Texas Corporate directors and officers owe fiduciary duties of obedience, loyalty and due care to the corporation.  Gearhart Indus., Inc. v. Smith Intern., Inc., 741 F.2d 707, 719 (5th Cir. 1984); Loy v. Harter, 128 S.W.3d 397, 407 (Tex. App.—Texarkana 2004, pet. denied). In this context, directors and officers are probably most often found liable for violating the fiduciary duty of loyalty.

“The duty of loyalty dictates that a corporate officer or director must act in good faith and must not allow his or her personal interest to prevail over the interest of the corporation. The duty of loyalty is described as requiring an extreme measure of candor, unselfishness, and good faith on the part of the officer or director.” Loy v. Harter, supra, p. 407. “An officer or director is considered “interested” if he or she (1) makes a personal profit from a transaction by dealing with the corporation or usurps a corporate opportunity, (2) buys or sells assets of a corporation, (3) transacts business in his or her officer’s or director’s capacity with a second corporation of which he or she is also an officer or director or is significantly financially associated, or (4) transacts corporate business in his or her officer’s or director’s capacity with a family member.” Loy v. Harter, supra, pp. 407–08.

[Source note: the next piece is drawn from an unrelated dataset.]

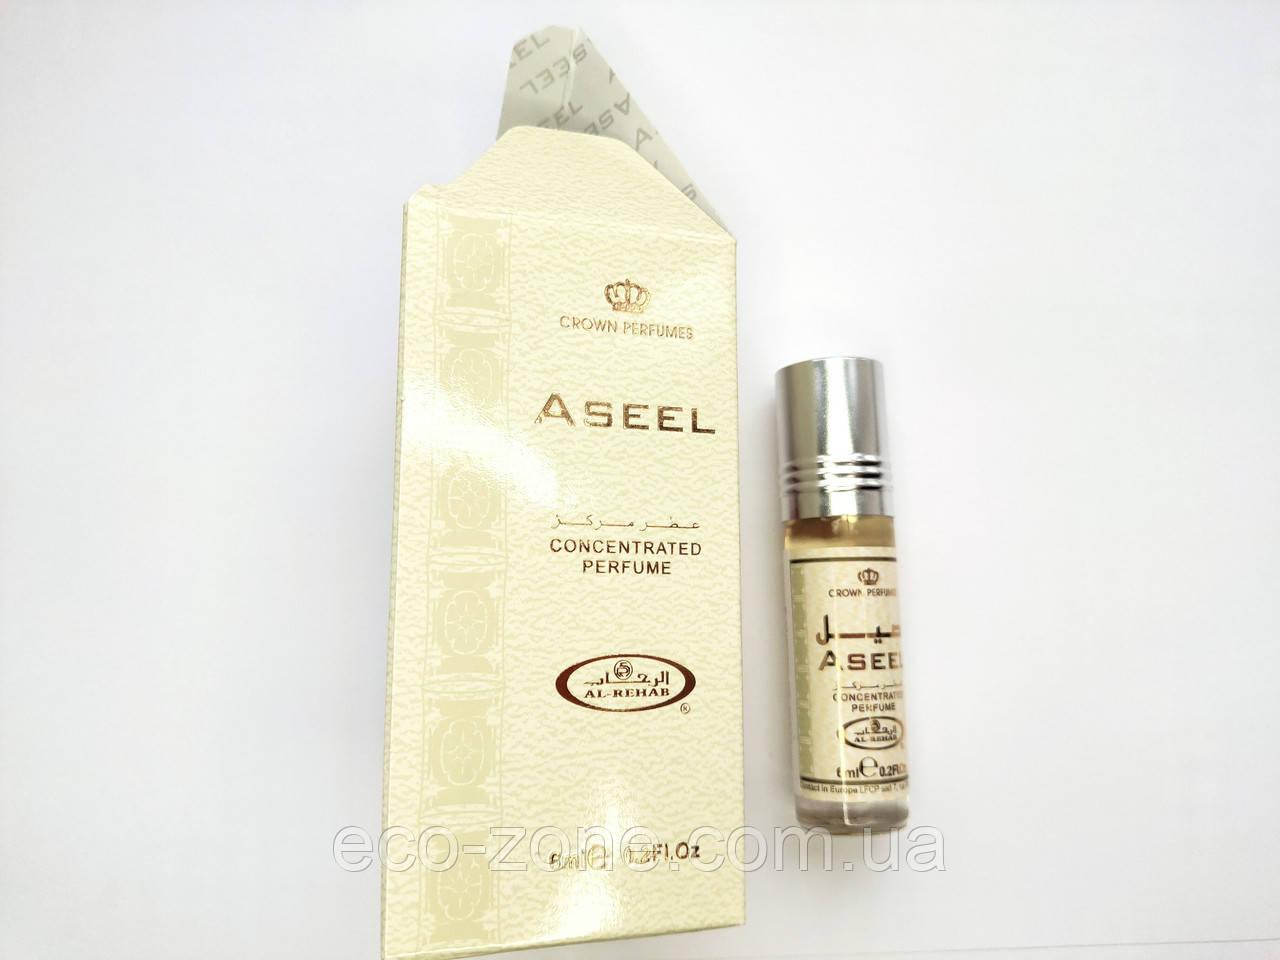 Арабские масляные духи  Аль-Рехаб - Aseel. Масло - 6 мл.

A Texas corporation can make these insider transactions valid by following proper corporate formalities. More specifically, Texas Business Organizations Code § 21.418 sets forth procedures that can be followed to authorize and make this type of transaction valid. In general, these procedures require full disclosure by the interested directors and officers as well as approval of the transaction by the disinterested directors or shareholders. Further, even if this approval is not obtained, the transaction will be deemed valid if it meets the fairness scrutiny of the statute. Additionally, shareholders of a privately held  corporation may  enter into a shareholder agreement governing these transactions (see Tex. Bus. & Org. Code § 21.101. In fact, the Texas Supreme Court in the recent case of Richie v. Rupe, 443 S.W.3d 856, 881 (Tex. 2014) seemed to encourage shareholder agreements.

In conclusion, Texas corporate officers and directors must strictly comply with their fiduciary duties including the duty of loyalty. These issues can be addressed in advance in a manner that will protect the officers and directors from liability and simultaneously benefit the corporation.  This may be done by following applicable  procedures set forth in the Texas Business Organizations Code or through a shareholder agreement. This is why it is important for corporations of all sizes to follow proper corporate formalities.